Information provided:
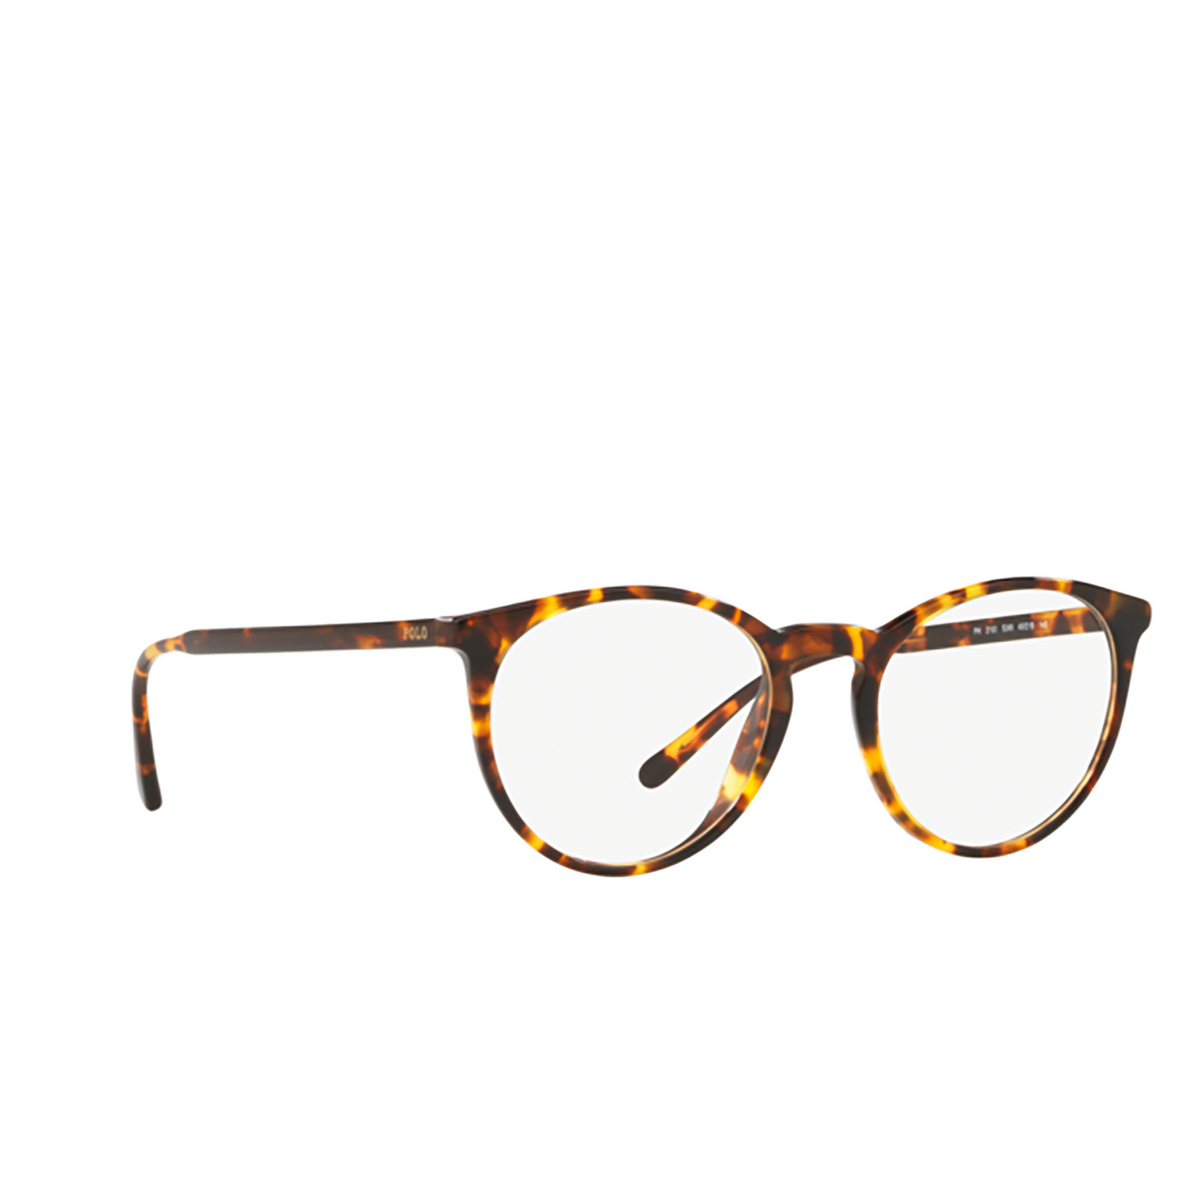 Polo Ralph Lauren® Round Eyeglasses: PH2193 color Shiny Antique Tortoise 5249.
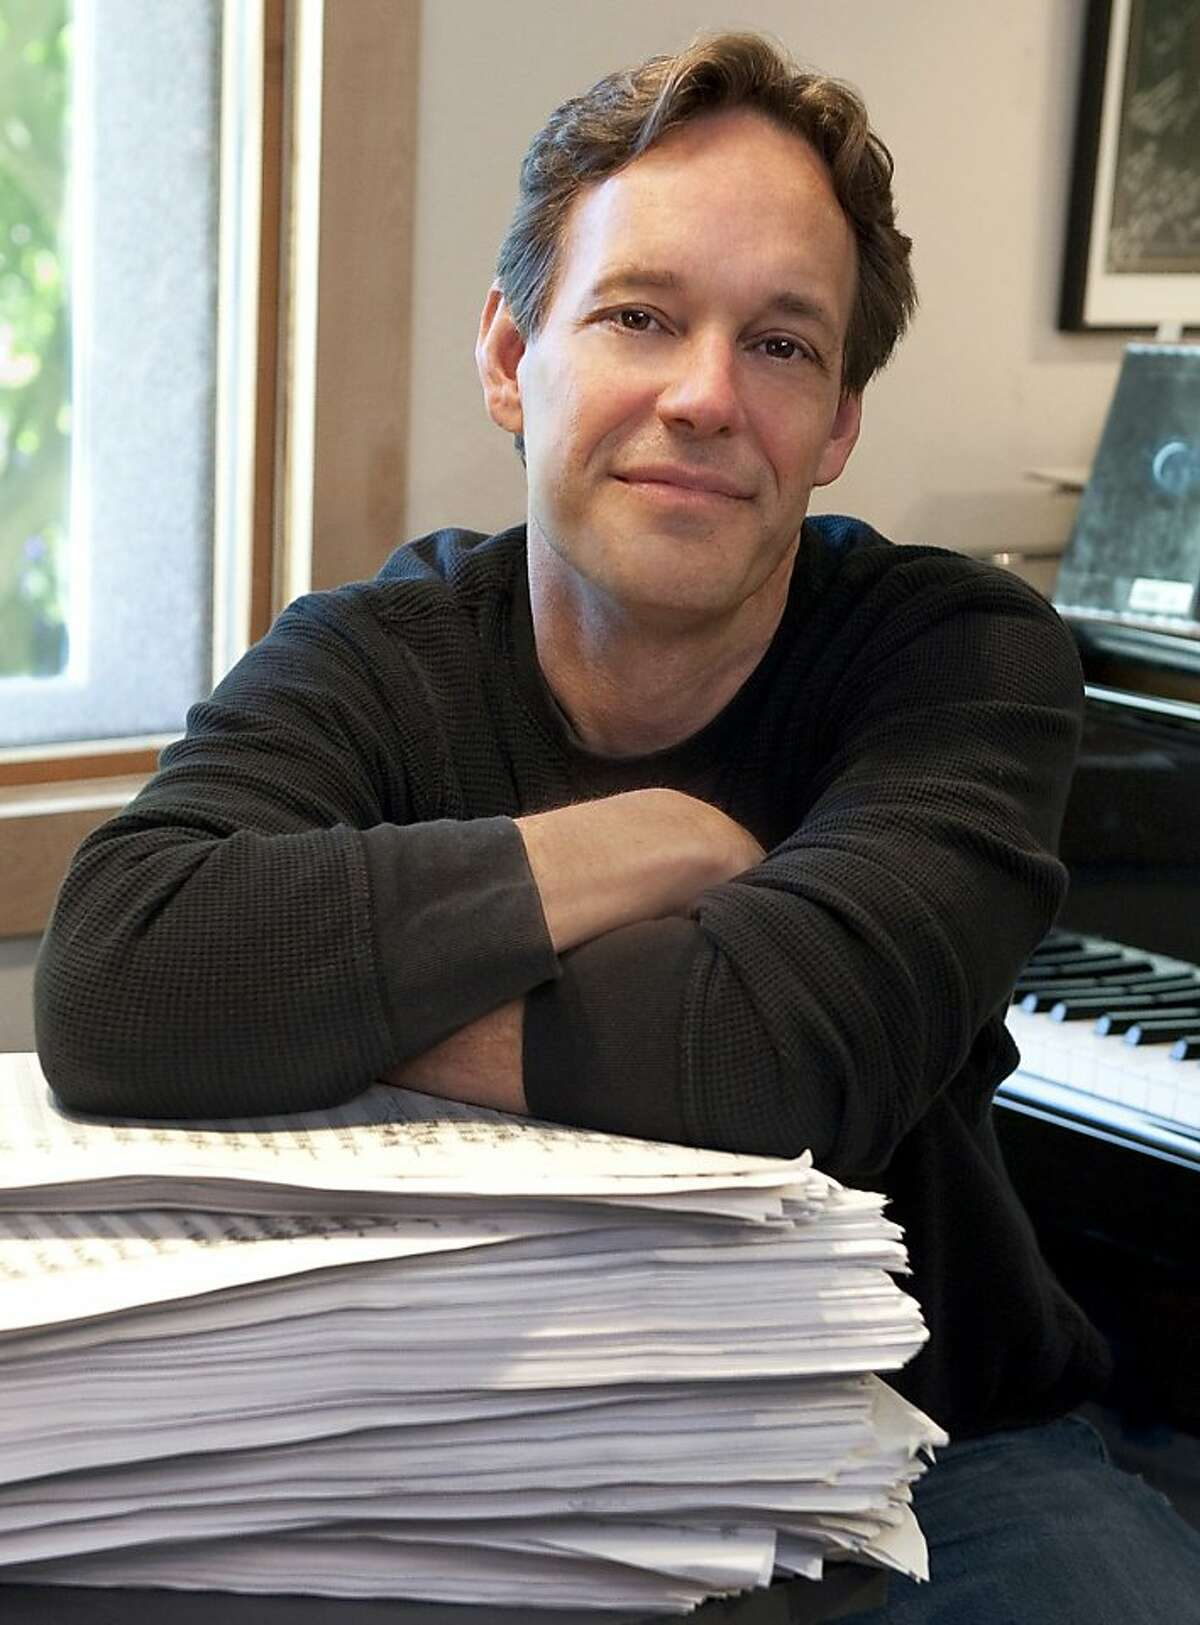 Composer Jake Heggie
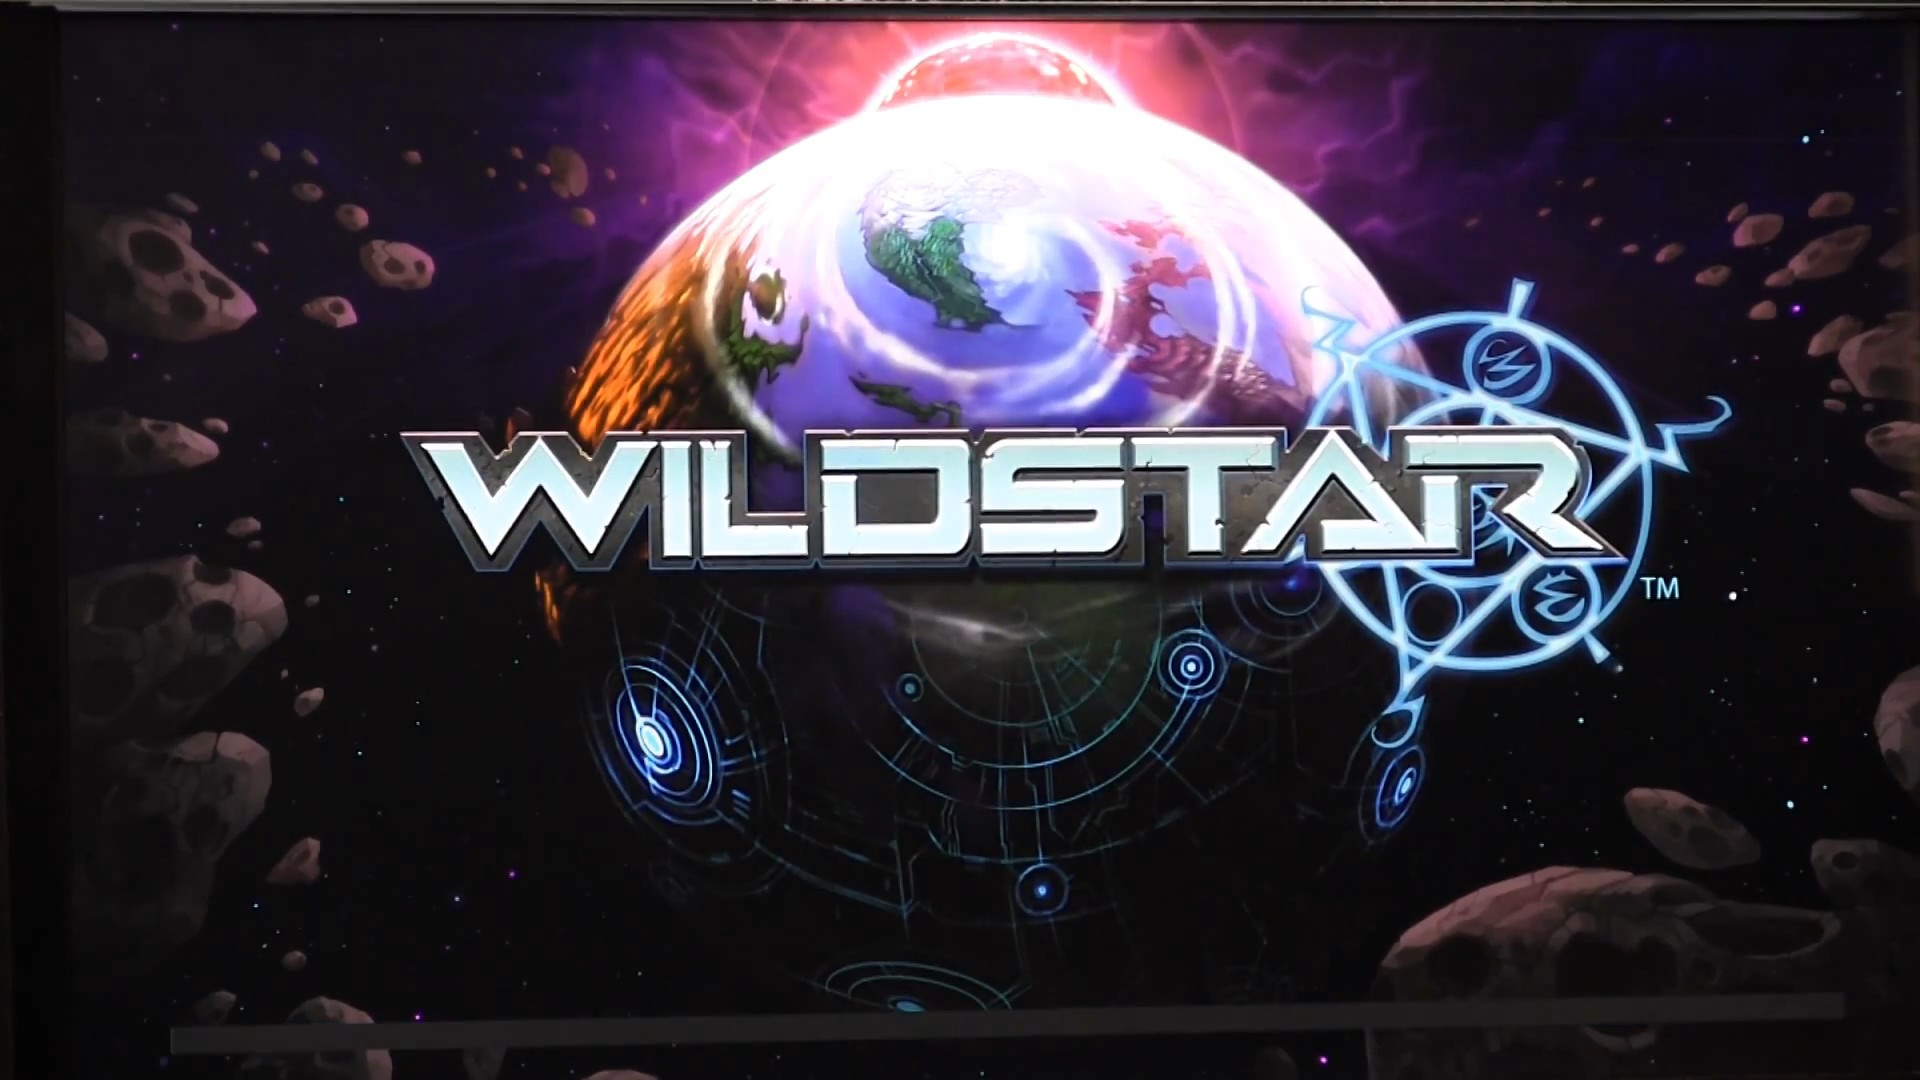 wildstar_background_wallpaper-HD

Your objective: An exact printout of the listing is needed, minus any pictures it contains.

Result for this task:
 Polo Ralph Lauren® Round Eyeglasses: PH2193 color Shiny Antique Tortoise 5249.
 Composer Jake Heggie
 wildstar_background_wallpaper-HD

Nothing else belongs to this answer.